Father Danney crouched beside him. “Are you sure you wouldn’t like to come inside? We could get something warm to drink. Maybe pop open a bottle of wine.”
Kirk looked at him coldly. “Should a holy man be drinking wine?”
“I’m an Episcopalian, son. We love wine.”
Kirk turned away. “I prefer to stay where I am.”
“Well, fine. I adore this garden. Always have. Even after all these years, after so many people I loved have passed away and had their ashes buried here. I still love this place.”
“You’re a flower freak. You’re into the smell of honeysuckle.”
Danney shook his head. “I feel the presence of God here. Don’t you?”
“No,” Kirk said quietly. “Not for a long time.”
Father Danney gently laid his hand on Kirk’s shoulder. “You know, my friend, God knows what you’ve done. And no matter what it was, He understands. And He’s waiting to forgive you.”
“Not this time,” Kirk said, shrugging his hand off.
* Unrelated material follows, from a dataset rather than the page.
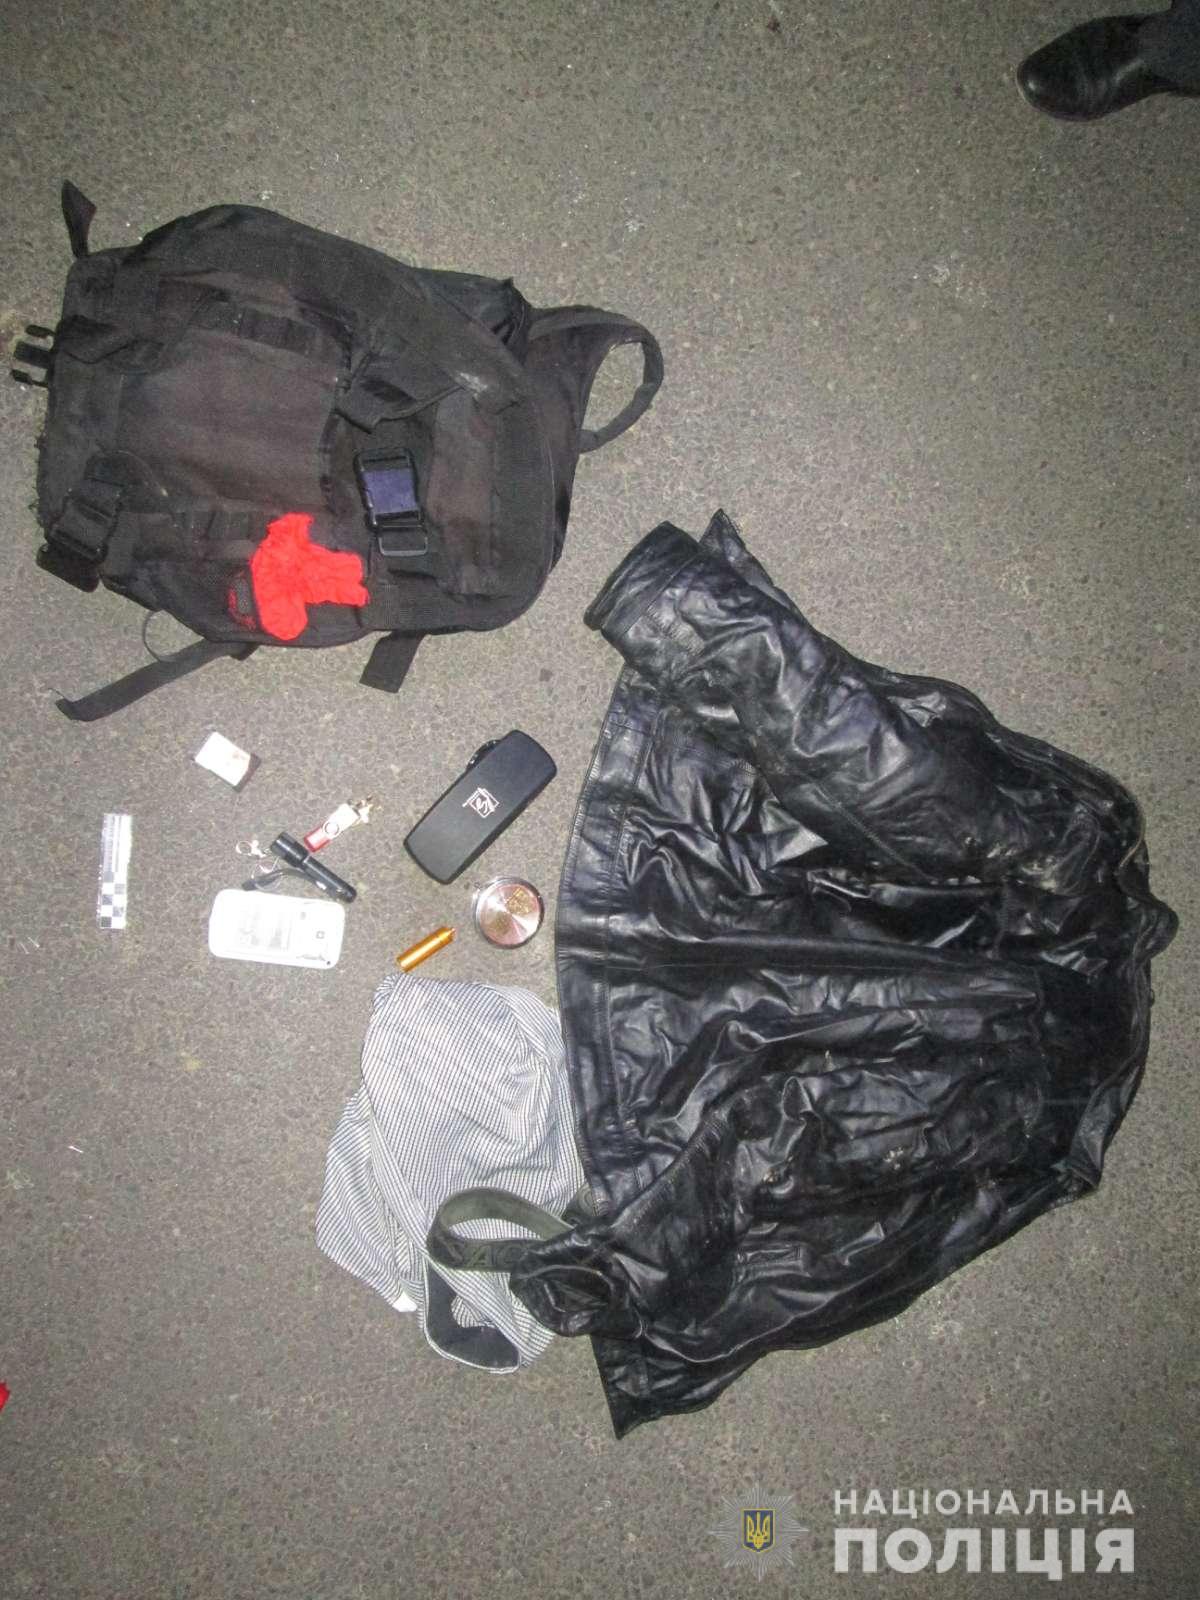 На Мукачівщині у закарпатця вилучили гранату із запалом, мобільні телефони, флеш-накопичувачі та балаклаву (ФОТО)
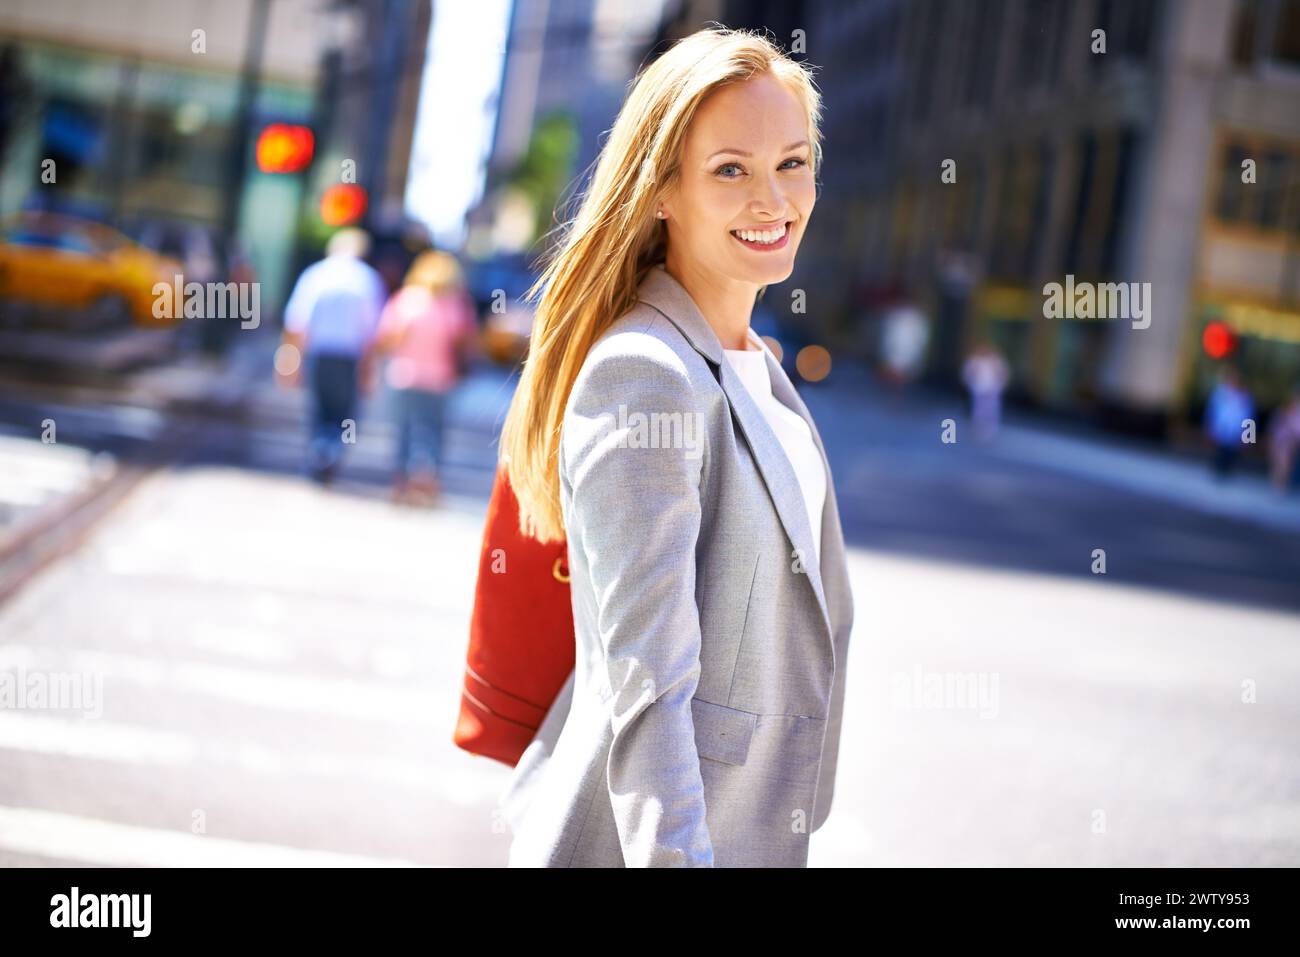 Donna, ritratti e sorrisi in città, viaggi e spostamenti per lavoro o carriera. Designer, lavoro e New york Street con urban, estate e felicità Foto Stock

He pushed himself to his feet. “I shouldn’t have come here. I’m leaving, Father.”
Danney clasped his arm. “You can’t keep running forever.”
“Watch me.” Kirk gave the priest a hard shove, sending him reeling backward into an azalea. Kirk turned and ran, full out, as hard as he could manage, leaving the meddling holy man far behind.
But not his guilt. Never that. No matter what he tried, no matter what he did to himself, he could never escape that.
He had shoved the priest hard, trying to push him out of his life, out of his mind, but even as he ran, he knew he had not been successful. The man was back in the bushes, but his words remained, haunting Kirk, just like everything else.
You can’t keep running forever, he had said. Because eventually, they’ll find you.
Which was true, Kirk knew, even as he tore down Seventy-first. Eventually they would find him.
Unless he made it impossible for them to find him. For anyone to find him.
But that wasn’t the worst thing the priest had said. That wasn’t what haunted Kirk most, even as he sweated and cried and sent fresh shock waves of pain rippling through his tortured body.